Available data:
________________________

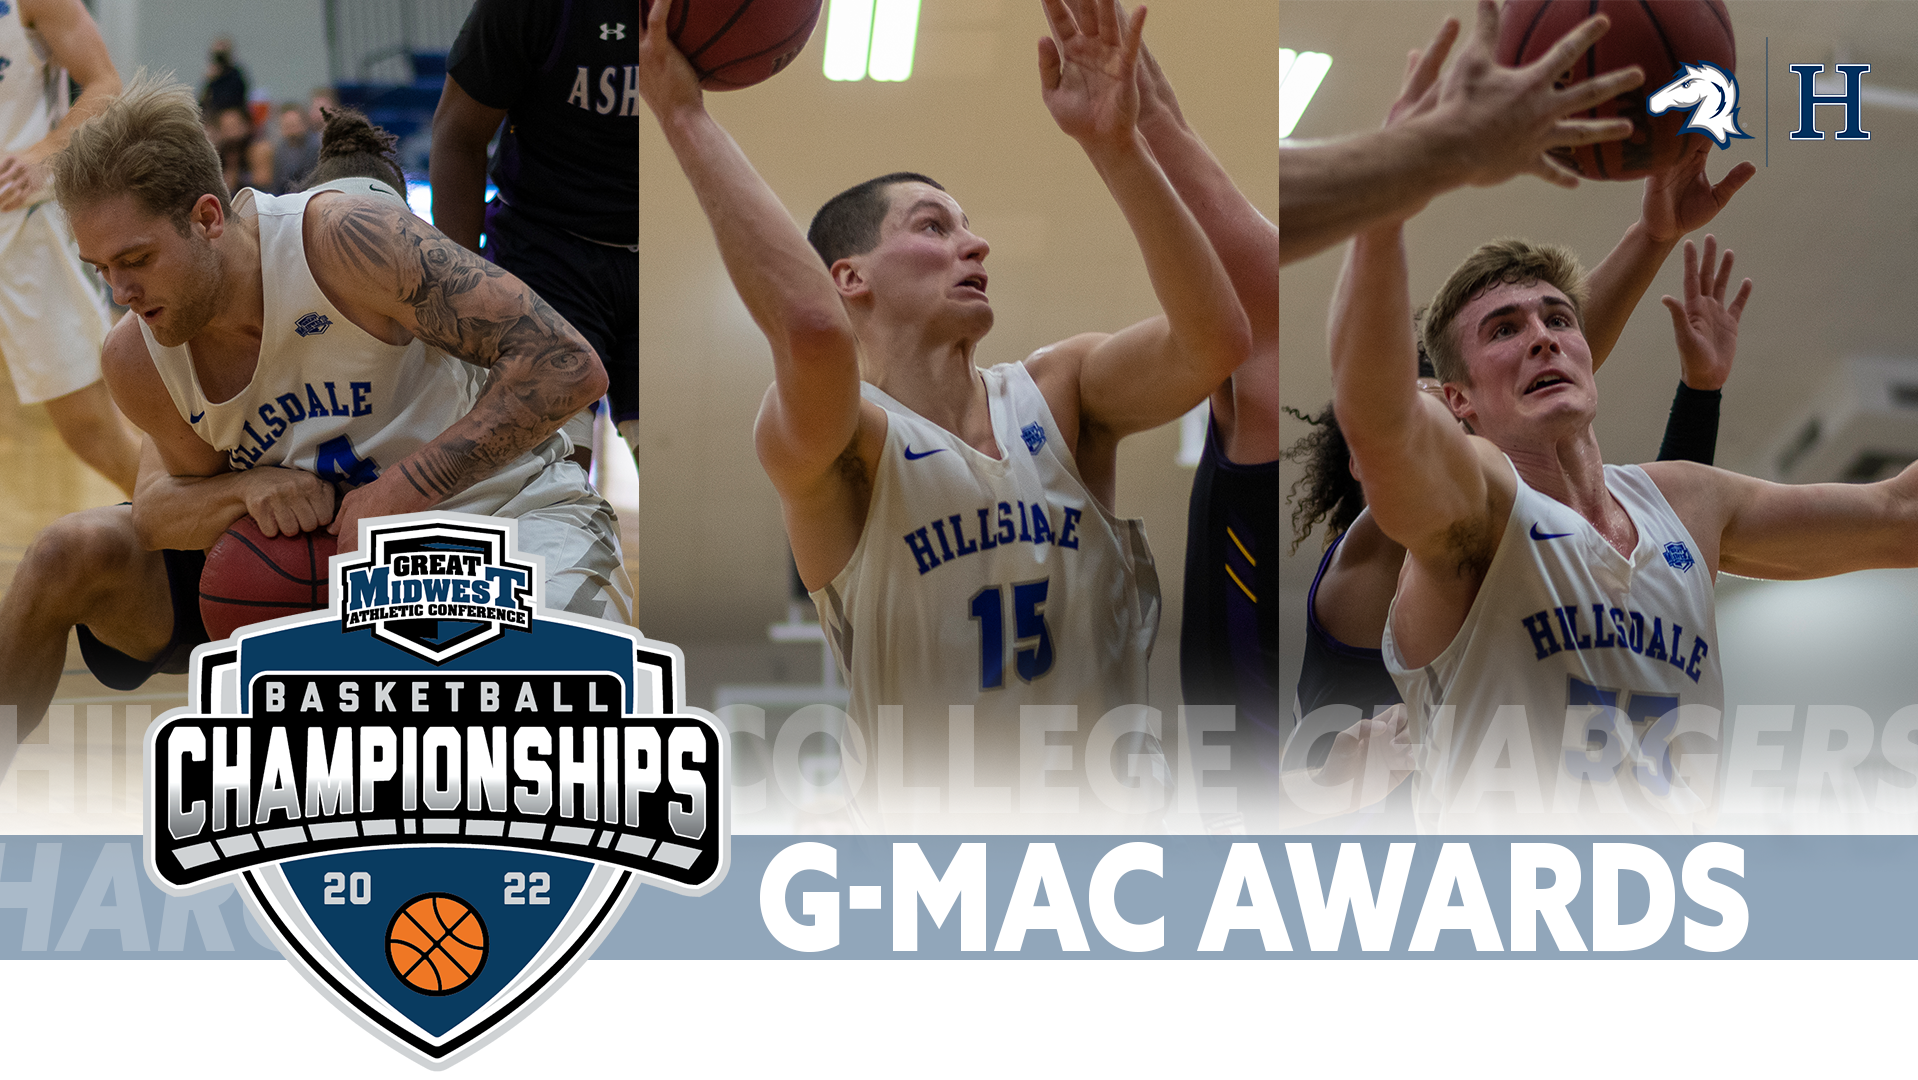 Chargers Cartier, Reuter each earn major honor from G-MAC; Yarian also named to All-G-MAC team
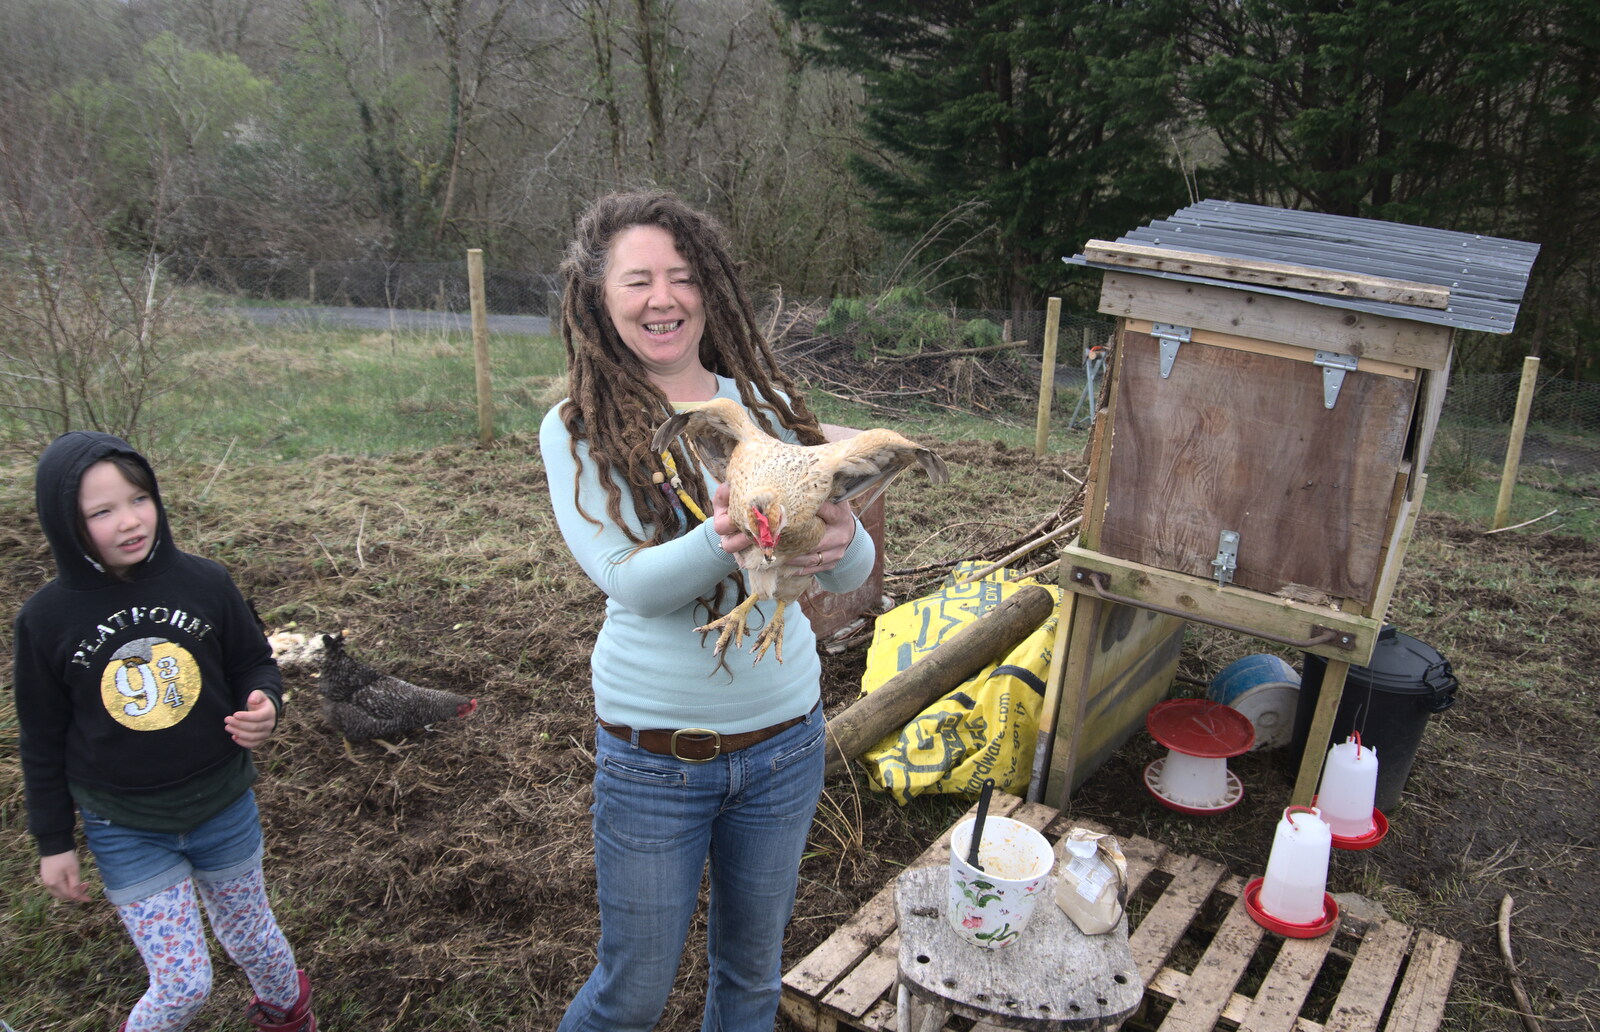 Davida shows us one of the chickens from Manorhamilton and Bundoran, Leitrim and Donegal, Ireland - 16th April 2022
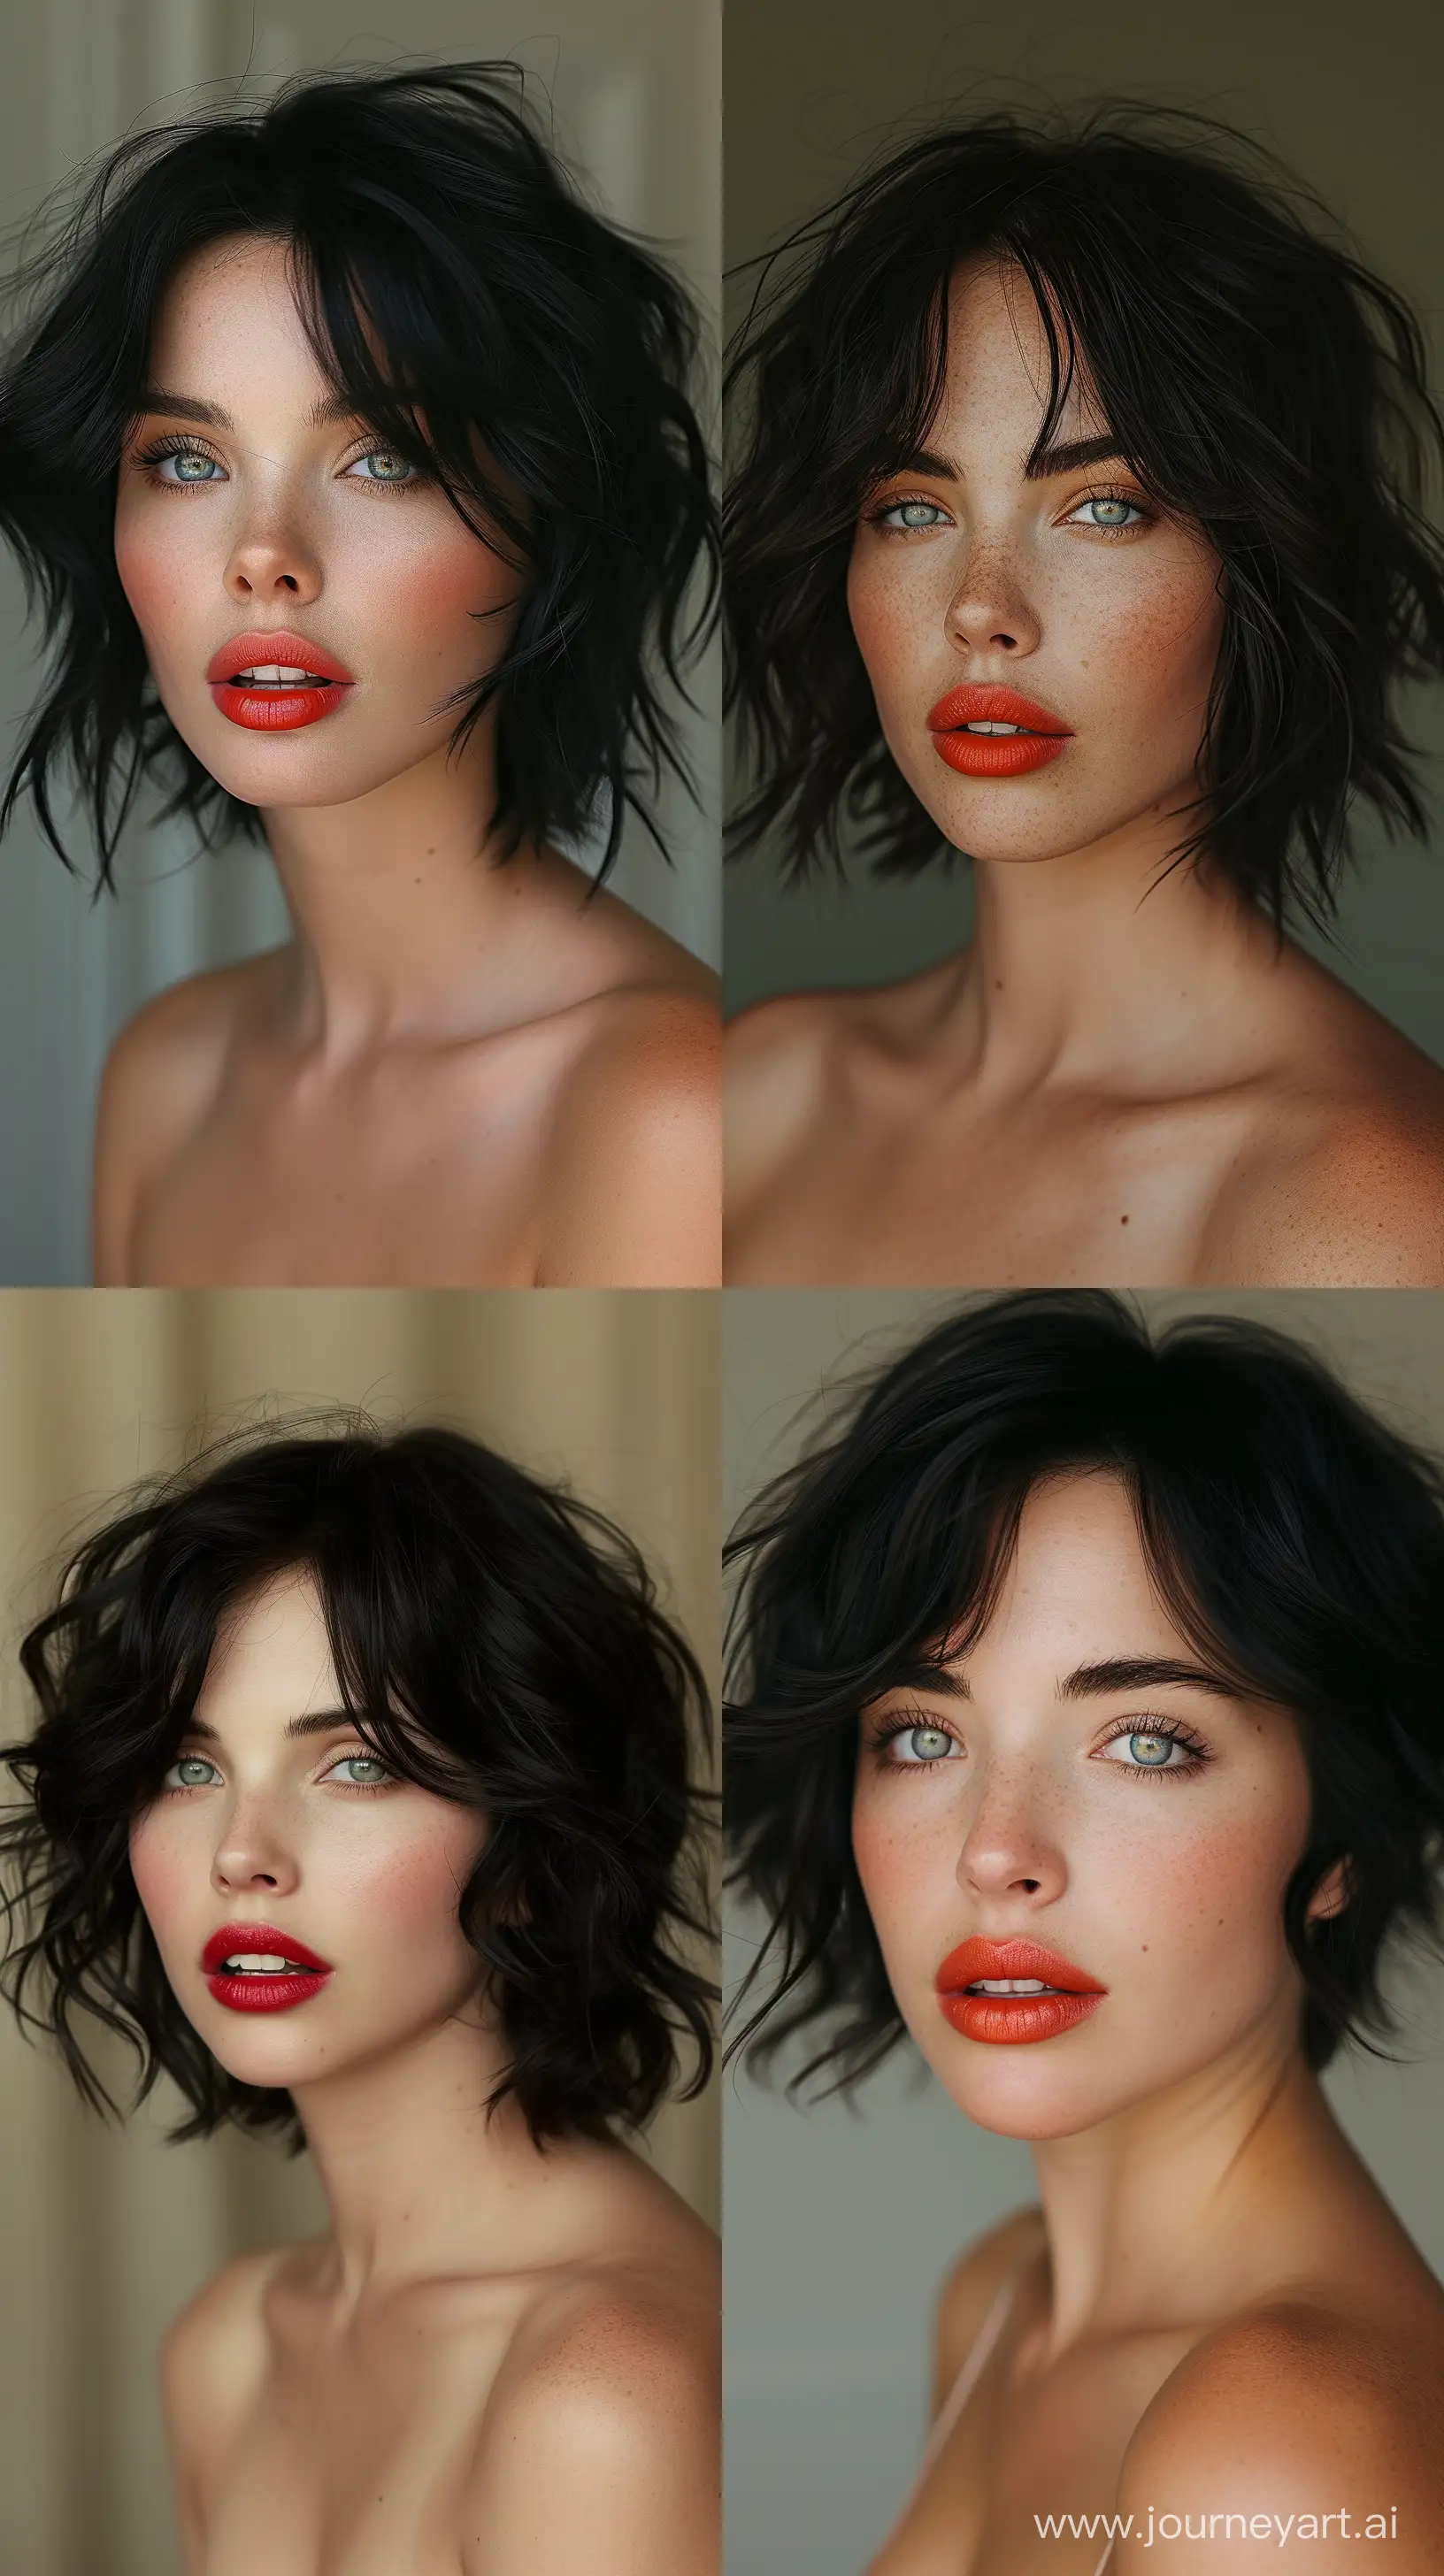 Innocent-Beauty-Captivating-35YearOld-Woman-with-Short-Wavy-Black-Hair-and-Red-Lipstick
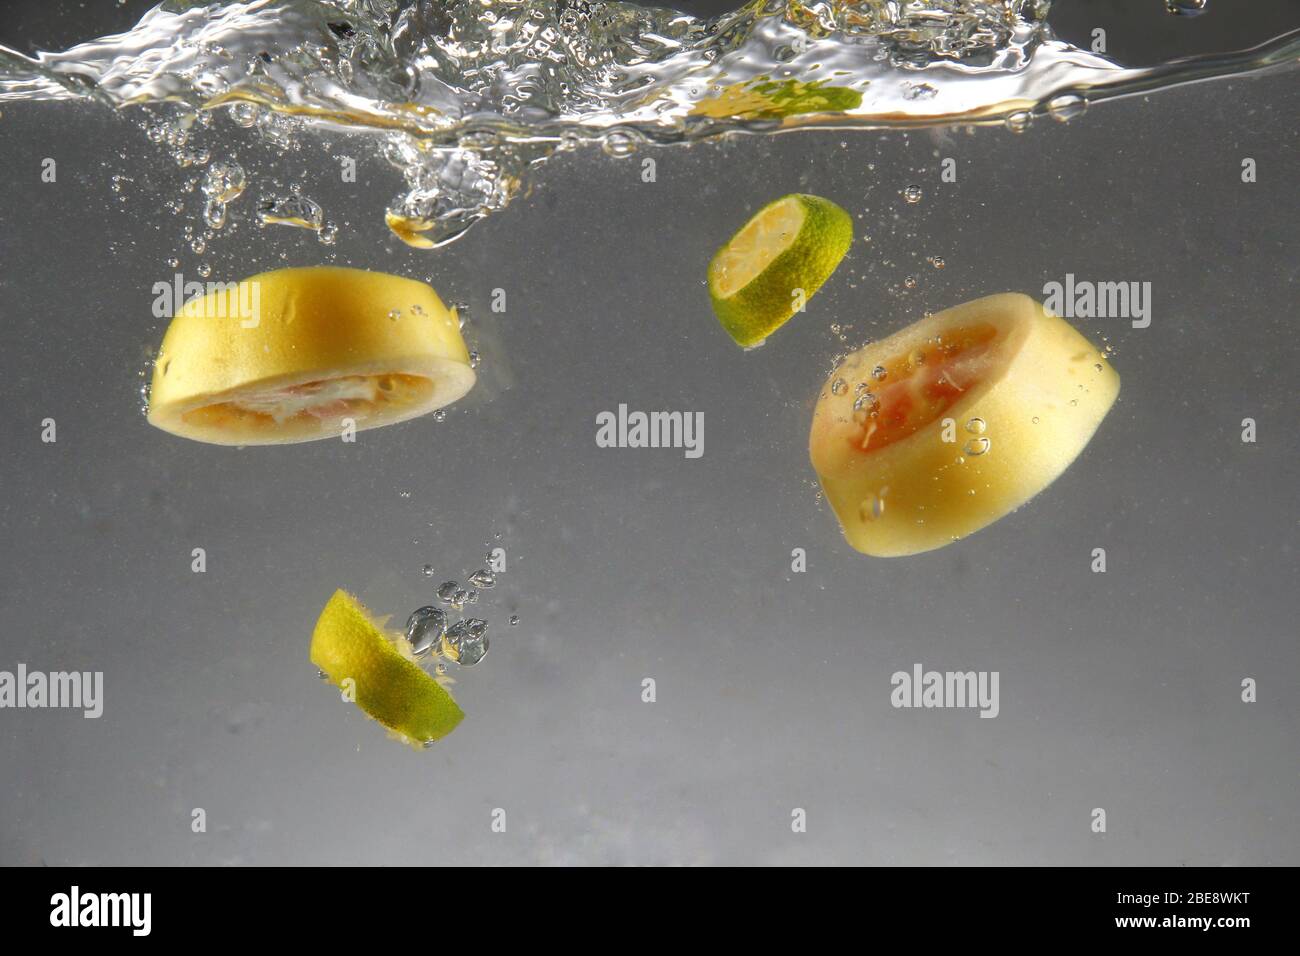 Photo of fresh sliced tomato and calamansi dropped in water Stock Photo

________________________

Exercise: Output everything in the material exactly. Pictures stay out of it.

Solution:
 Chargers Cartier, Reuter each earn major honor from G-MAC; Yarian also named to All-G-MAC team
 Davida shows us one of the chickens from Manorhamilton and Bundoran, Leitrim and Donegal, Ireland - 16th April 2022
 Innocent-Beauty-Captivating-35YearOld-Woman-with-Short-Wavy-Black-Hair-and-Red-Lipstick
 Photo of fresh sliced tomato and calamansi dropped in water Stock Photo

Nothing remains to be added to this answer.